WHAT YOU HAVE TO DO —
Repeat precisely, and only, the lines between the line containing "RENDEMENTS DE LA" and the end of the listing below, both ends included.

EXTRACTED RECORDS —

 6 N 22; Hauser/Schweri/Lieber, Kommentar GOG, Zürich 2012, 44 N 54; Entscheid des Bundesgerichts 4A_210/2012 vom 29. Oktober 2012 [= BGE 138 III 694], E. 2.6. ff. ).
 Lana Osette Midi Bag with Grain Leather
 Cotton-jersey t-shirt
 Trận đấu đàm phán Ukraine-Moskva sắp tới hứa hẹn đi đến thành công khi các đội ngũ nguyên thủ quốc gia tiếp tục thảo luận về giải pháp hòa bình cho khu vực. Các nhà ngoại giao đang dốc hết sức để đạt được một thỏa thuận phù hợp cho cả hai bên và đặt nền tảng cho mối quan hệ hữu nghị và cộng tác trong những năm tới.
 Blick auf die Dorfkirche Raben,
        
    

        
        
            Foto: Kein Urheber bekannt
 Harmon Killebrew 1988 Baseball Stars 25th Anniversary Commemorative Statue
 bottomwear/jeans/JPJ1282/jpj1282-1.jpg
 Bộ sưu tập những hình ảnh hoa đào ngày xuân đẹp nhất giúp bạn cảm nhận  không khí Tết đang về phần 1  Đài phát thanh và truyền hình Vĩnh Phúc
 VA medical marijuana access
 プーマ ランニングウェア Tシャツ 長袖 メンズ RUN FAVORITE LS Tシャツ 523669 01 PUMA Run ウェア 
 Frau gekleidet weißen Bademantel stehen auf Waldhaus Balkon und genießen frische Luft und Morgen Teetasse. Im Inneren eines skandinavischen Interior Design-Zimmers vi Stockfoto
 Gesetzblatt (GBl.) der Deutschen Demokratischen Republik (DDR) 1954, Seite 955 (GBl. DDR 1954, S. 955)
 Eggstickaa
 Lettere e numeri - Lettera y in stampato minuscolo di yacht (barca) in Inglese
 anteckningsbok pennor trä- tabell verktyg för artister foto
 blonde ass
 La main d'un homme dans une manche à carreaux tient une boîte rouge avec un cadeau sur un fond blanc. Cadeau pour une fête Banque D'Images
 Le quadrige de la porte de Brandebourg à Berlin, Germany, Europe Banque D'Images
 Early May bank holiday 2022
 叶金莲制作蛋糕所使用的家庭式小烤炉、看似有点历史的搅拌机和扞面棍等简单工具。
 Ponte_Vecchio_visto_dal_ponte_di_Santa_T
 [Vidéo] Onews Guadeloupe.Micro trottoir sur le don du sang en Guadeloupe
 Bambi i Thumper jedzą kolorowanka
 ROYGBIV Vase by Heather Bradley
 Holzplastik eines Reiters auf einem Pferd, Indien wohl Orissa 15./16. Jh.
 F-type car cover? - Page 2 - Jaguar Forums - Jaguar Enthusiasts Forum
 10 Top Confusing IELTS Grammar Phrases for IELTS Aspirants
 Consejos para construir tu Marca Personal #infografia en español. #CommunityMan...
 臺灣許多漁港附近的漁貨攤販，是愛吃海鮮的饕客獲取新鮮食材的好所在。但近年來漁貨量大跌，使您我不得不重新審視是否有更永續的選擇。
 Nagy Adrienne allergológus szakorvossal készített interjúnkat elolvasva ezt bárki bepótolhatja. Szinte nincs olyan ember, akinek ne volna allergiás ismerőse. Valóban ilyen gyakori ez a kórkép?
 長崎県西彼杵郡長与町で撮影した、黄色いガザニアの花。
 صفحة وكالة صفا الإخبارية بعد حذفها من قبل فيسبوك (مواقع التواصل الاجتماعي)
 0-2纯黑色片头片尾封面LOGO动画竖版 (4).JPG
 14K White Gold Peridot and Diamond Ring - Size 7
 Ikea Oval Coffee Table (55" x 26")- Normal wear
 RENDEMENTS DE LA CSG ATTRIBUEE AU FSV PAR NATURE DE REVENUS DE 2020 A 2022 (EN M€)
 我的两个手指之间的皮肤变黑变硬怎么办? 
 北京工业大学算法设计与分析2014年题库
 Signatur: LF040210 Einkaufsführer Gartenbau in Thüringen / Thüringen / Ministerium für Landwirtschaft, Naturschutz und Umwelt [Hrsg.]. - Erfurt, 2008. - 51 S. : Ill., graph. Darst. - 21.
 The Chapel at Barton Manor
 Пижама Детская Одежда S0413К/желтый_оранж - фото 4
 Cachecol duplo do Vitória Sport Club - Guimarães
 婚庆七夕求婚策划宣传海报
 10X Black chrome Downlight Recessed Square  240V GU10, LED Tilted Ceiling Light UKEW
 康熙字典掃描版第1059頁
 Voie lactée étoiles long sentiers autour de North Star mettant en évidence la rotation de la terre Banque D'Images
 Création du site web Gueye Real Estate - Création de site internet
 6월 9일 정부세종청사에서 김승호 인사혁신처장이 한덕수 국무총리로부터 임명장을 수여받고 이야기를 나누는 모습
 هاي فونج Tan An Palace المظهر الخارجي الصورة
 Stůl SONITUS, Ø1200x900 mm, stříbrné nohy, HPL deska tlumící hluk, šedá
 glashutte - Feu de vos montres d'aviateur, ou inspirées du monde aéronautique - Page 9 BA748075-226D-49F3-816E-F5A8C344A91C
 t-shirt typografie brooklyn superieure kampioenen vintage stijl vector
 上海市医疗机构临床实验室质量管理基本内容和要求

TASK RESPONSE —
 RENDEMENTS DE LA CSG ATTRIBUEE AU FSV PAR NATURE DE REVENUS DE 2020 A 2022 (EN M€)
 我的两个手指之间的皮肤变黑变硬怎么办? 
 北京工业大学算法设计与分析2014年题库
 Signatur: LF040210 Einkaufsführer Gartenbau in Thüringen / Thüringen / Ministerium für Landwirtschaft, Naturschutz und Umwelt [Hrsg.]. - Erfurt, 2008. - 51 S. : Ill., graph. Darst. - 21.
 The Chapel at Barton Manor
 Пижама Детская Одежда S0413К/желтый_оранж - фото 4
 Cachecol duplo do Vitória Sport Club - Guimarães
 婚庆七夕求婚策划宣传海报
 10X Black chrome Downlight Recessed Square  240V GU10, LED Tilted Ceiling Light UKEW
 康熙字典掃描版第1059頁
 Voie lactée étoiles long sentiers autour de North Star mettant en évidence la rotation de la terre Banque D'Images
 Création du site web Gueye Real Estate - Création de site internet
 6월 9일 정부세종청사에서 김승호 인사혁신처장이 한덕수 국무총리로부터 임명장을 수여받고 이야기를 나누는 모습
 هاي فونج Tan An Palace المظهر الخارجي الصورة
 Stůl SONITUS, Ø1200x900 mm, stříbrné nohy, HPL deska tlumící hluk, šedá
 glashutte - Feu de vos montres d'aviateur, ou inspirées du monde aéronautique - Page 9 BA748075-226D-49F3-816E-F5A8C344A91C
 t-shirt typografie brooklyn superieure kampioenen vintage stijl vector
 上海市医疗机构临床实验室质量管理基本内容和要求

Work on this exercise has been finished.